À quand remonte le dernier bon film de Jim Jarmusch ? Plusieurs festivaliers se posaient la question avant la projection d'Only Lovers Left Alive, sélectionné in extremis dans la compétition.

Avec ce film de vampires cool et branché, porté par les compositions formidables de Tilda Swinton et Tom Hiddleston, le réalisateur de Broken Flowers retrouve brillamment sa cote. Un peu comme Catherine Deneuve et David Bowie il y a 30 ans dans The Hunger, Adam (Hiddleston) et Eve (Tilda Swinton, exceptionnelle) forment un couple inséparable. Depuis des siècles.
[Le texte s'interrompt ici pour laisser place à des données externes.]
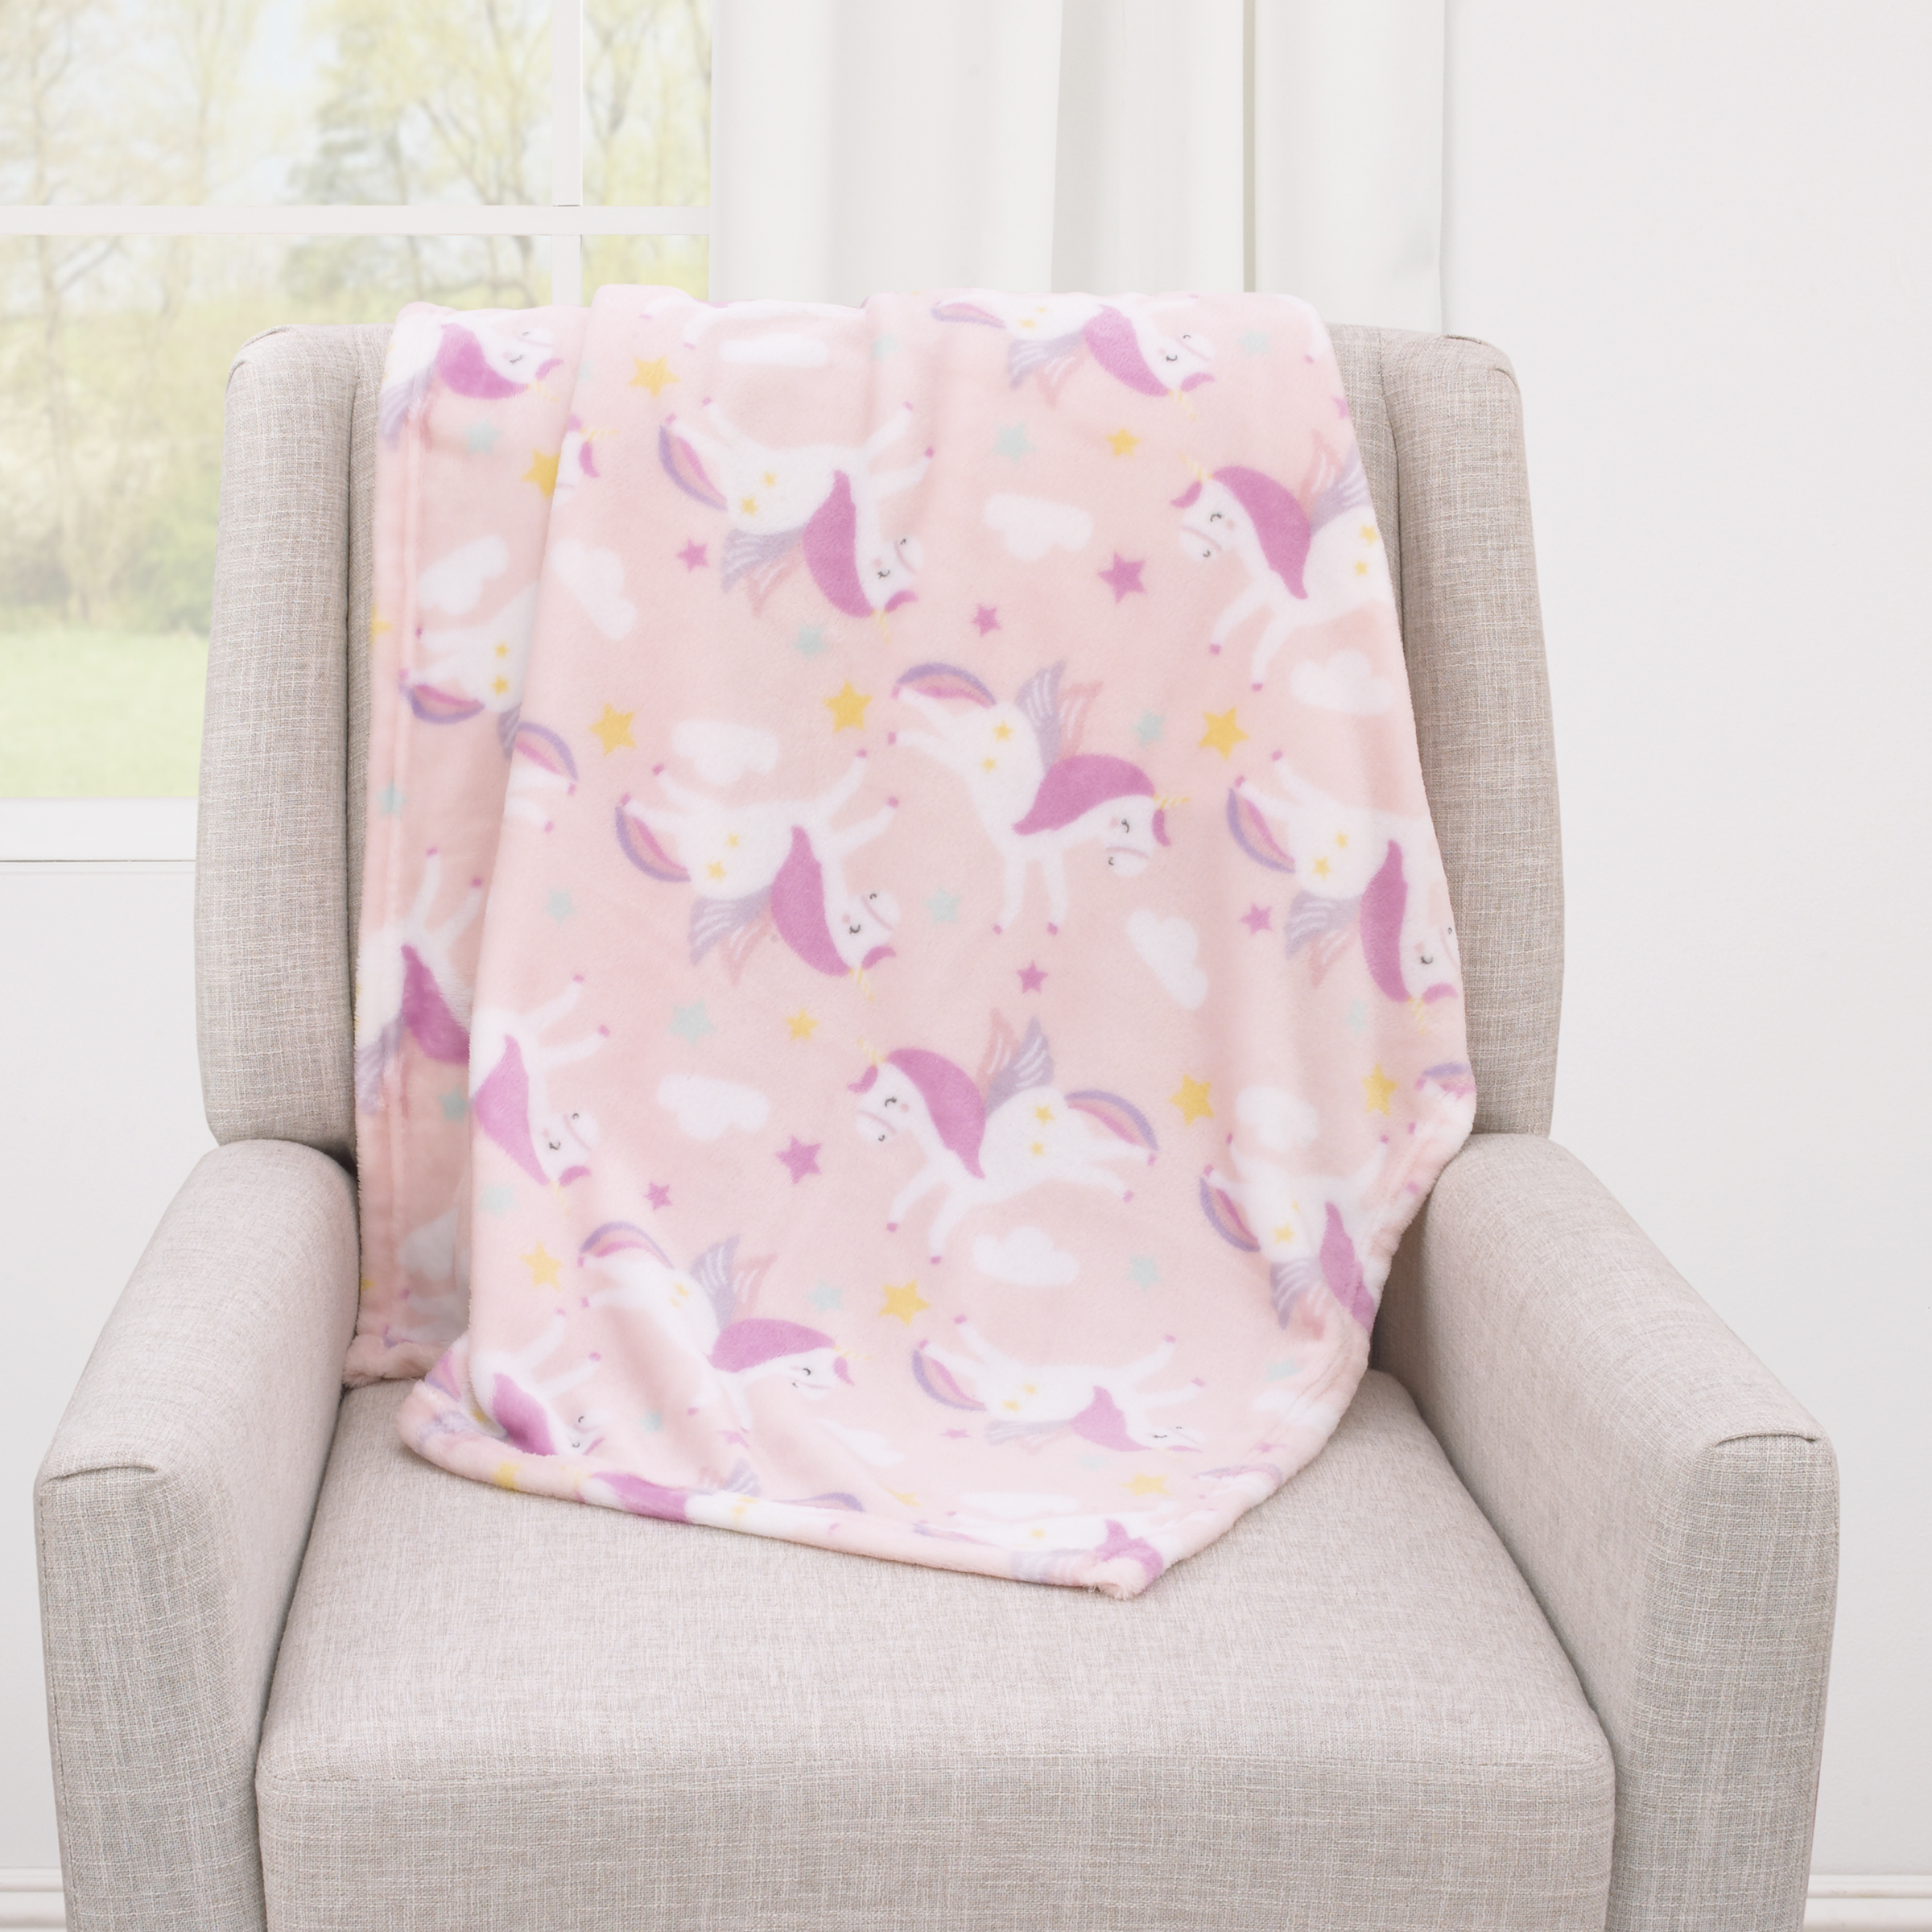 Parent's Choice Plush Baby Blanket, Pink Unicorn Print, 30x36 inches, Pink, White, Infant Girl - image 5 of 7

Ils survivent en s'abreuvant de sang humain mais doivent quand même être certains que le sang qui les fait vivre est pur, sain, et non contaminé. Eve vit à Tanger; Adam, à Détroit. Autant la «perle du détroit» est filmée dans tous les mystères de sa beauté marocaine, autant la «Motor City» emprunte ici des allures apocalyptiques. Musicien underground, le ténébreux Adam évolue dans un univers musical qui n'est pas sans rappeler celui de Nick Cave.

Pour un peu, on pourrait même voir dans cet anti Twilight un hommage aux Ailes du désir de Wenders. Ayant traversé toutes les époques avec la grâce de ceux qui savent en tirer le savoir essentiel, ces deux créatures de la nuit se désespèrent aujourd'hui de l'économie néo libérale dans laquelle le monde est plongé, tout autant que de l'appauvrissement généralisé qu'elle entraîne sur le plan culturel.

Il émane de ce film planant, délicieusement gothique, un romantisme fou. Un peu comme si Jarmusch posait un regard bienveillant sur un monde en train de s'écrouler.